问题
So for example we have field 1 up to 10. I want to index all the field in Azure Search, so you can filter, search on those filters.
My Question is, is there a way to just exclude the fields that are NULL from a specific ID, so not store them in Azure search? See example underneath.
The data itself is initially stored in Azure Cosmos Database. In Azure Cosmos DB it would like this:
- Id 1
- field 1: a
- field 2: b
- field 5: c
- field 6: d
- field 8: e
- Id 2
- field 3: a
- field 2: b
- field 5: c
- field 9: d
- field 10: e
However in Azure Search Index, it looks like this:
- Id 1
- field 1:a
- field 2:b
- field 3:NULL
- field 4:NULL
- field 5:c
- field 6:d
- field 7:NULL
- field 8:e
- field 9:NULL
- field 10:NULL
- Id 2
- field 1:NULL
- field 2:b
- field 3:a
- field 4:NULL
- field 5:c
- field 6:NULL
- field 7:NULL
- field 8:NULL
- field 9:d
- field 10:e
回答1:
The shortest answer to your question is "no", but it's a little deeper than that.

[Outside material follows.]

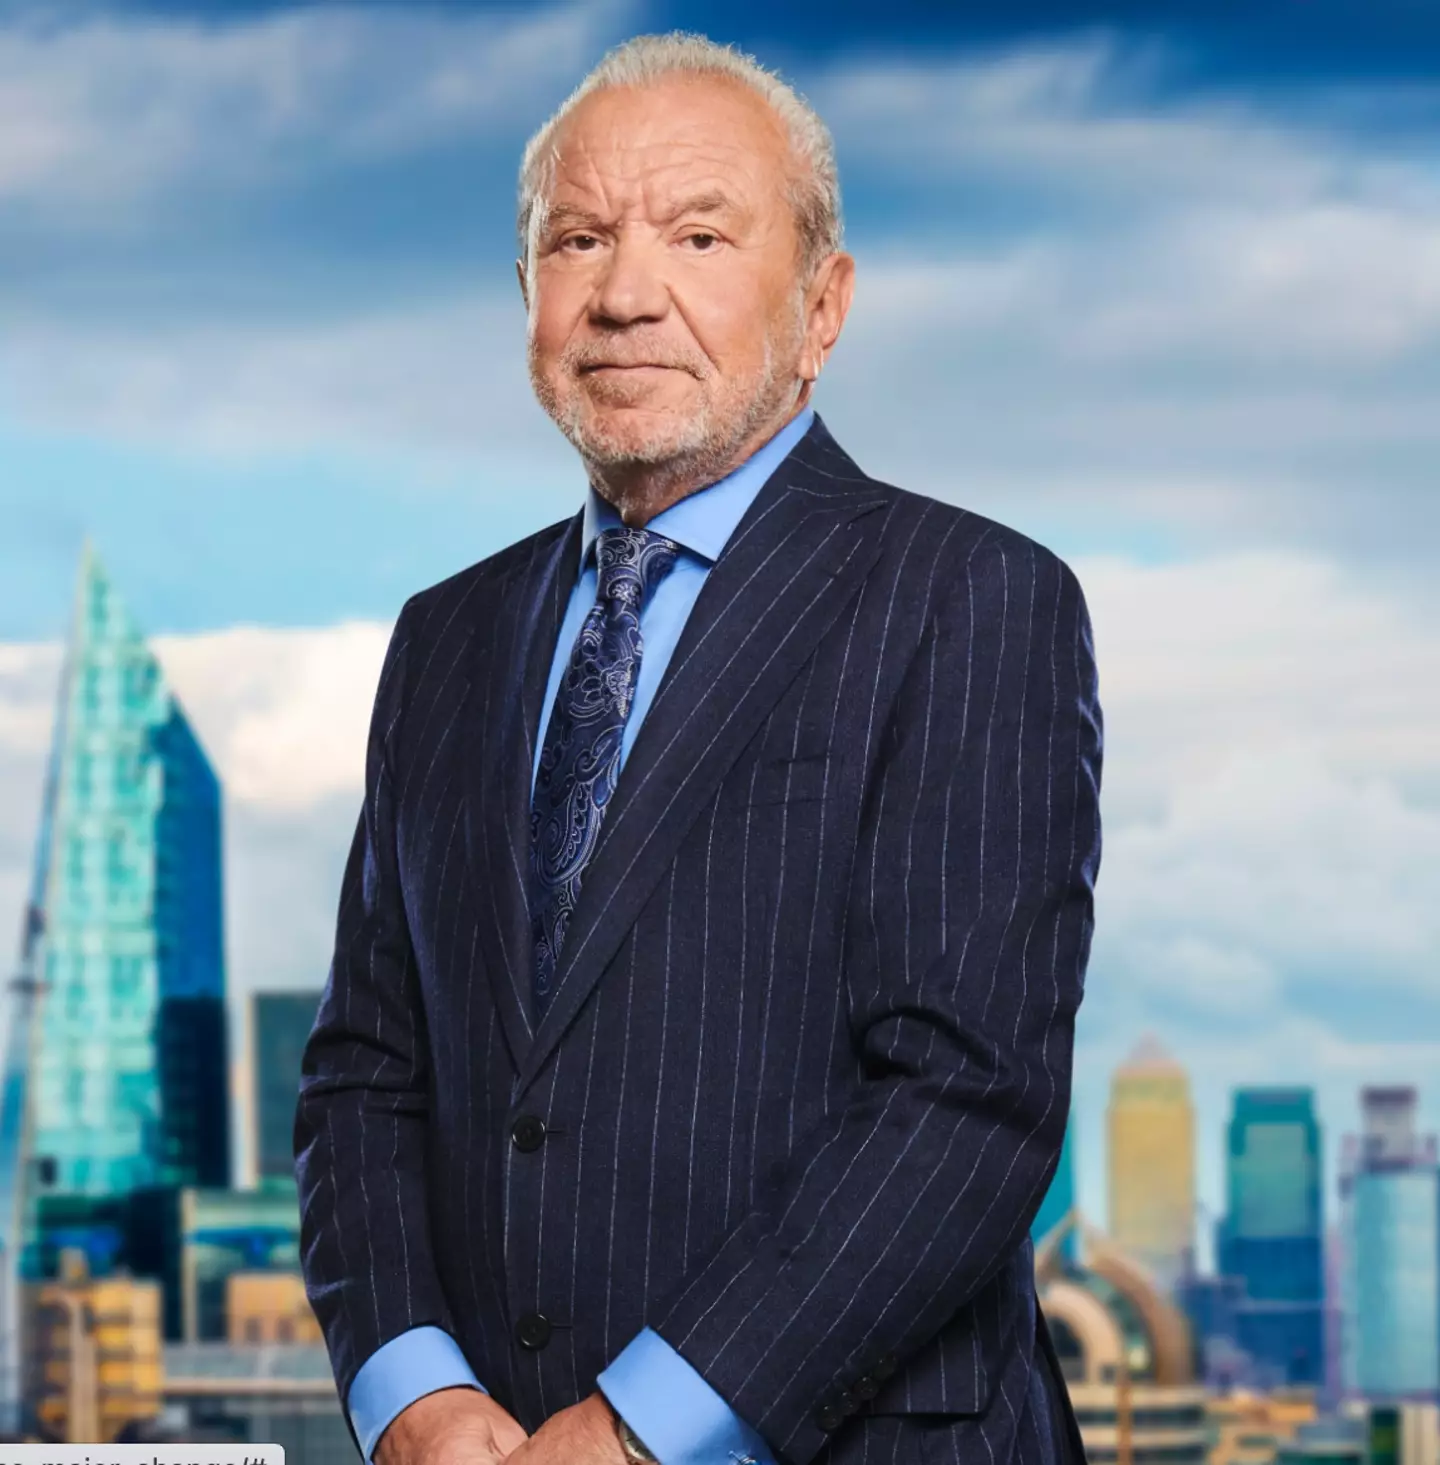 Lord Sugar and his cronies will be returning once again.

When you add documents to an Azure Cognitive Search index, the values of each field are stored in a data structure called an inverted index. This stores a dictionary of terms found in the field, and each entry contains a list of document IDs containing that term. It is somewhat similar to a column-oriented database in that regard. The null
value that you see in document JSON is never actually stored in the inverted index. This can make it expensive to test whether a field is null, since the query needs to look for all document IDs not contained in the inverted index, but it is perfectly efficient in terms of storage (because it doesn't consume any).
This article has a few simplified examples of how inverted indexes work, although it's about a different topic than your question.
Your broader concern about having many fields defined in your index is a valid one. There is a tradeoff between schema flexibility and resource utilization as you increase the number of fields in your index. However, this is due to the bookkeeping overhead required for each field, not the "number of nulls in the field" (which doesn't really mean anything since nulls aren't stored).
From your question, it sounds like you're trying to model different "entity types" in the same index, resulting in a sparse index where some subset of the documents have one subset of fields defined, while another subset of documents have different fields defined. This is a scenario that we want to better support in the service. One promising future direction could be supporting multi-index query, so each subset of your schema could have its own index with its own distinct (but perhaps overlapping) set of fields. This is not on our immediate roadmap, but it's something we want to investigate further. Please vote on this User Voice item to help us prioritize.
回答2:
As far as not saving the null values, AFAIK it is not possible. An index in Cognitive Search has a pre-defined schema (much like a relational database table) and based on an attribute's data type an attribute's value will be initialized with a default value (null
for most of the data types).
回答3:
If your concern is storage, it's not a problem since it's an inverted index.
If you have an issue with the complexity of the JSON data returned, you could implement your own intermediate service that just hides all NULL values from the JSON. So, your application queries your own query service which in turn queries the actual Azure service. Just passing along all parameters as-is. The only difference is that your service removes both the key/value from the JSON to make the responses easier to manage.
The response from search would then appear to be identical to your Cosmos record.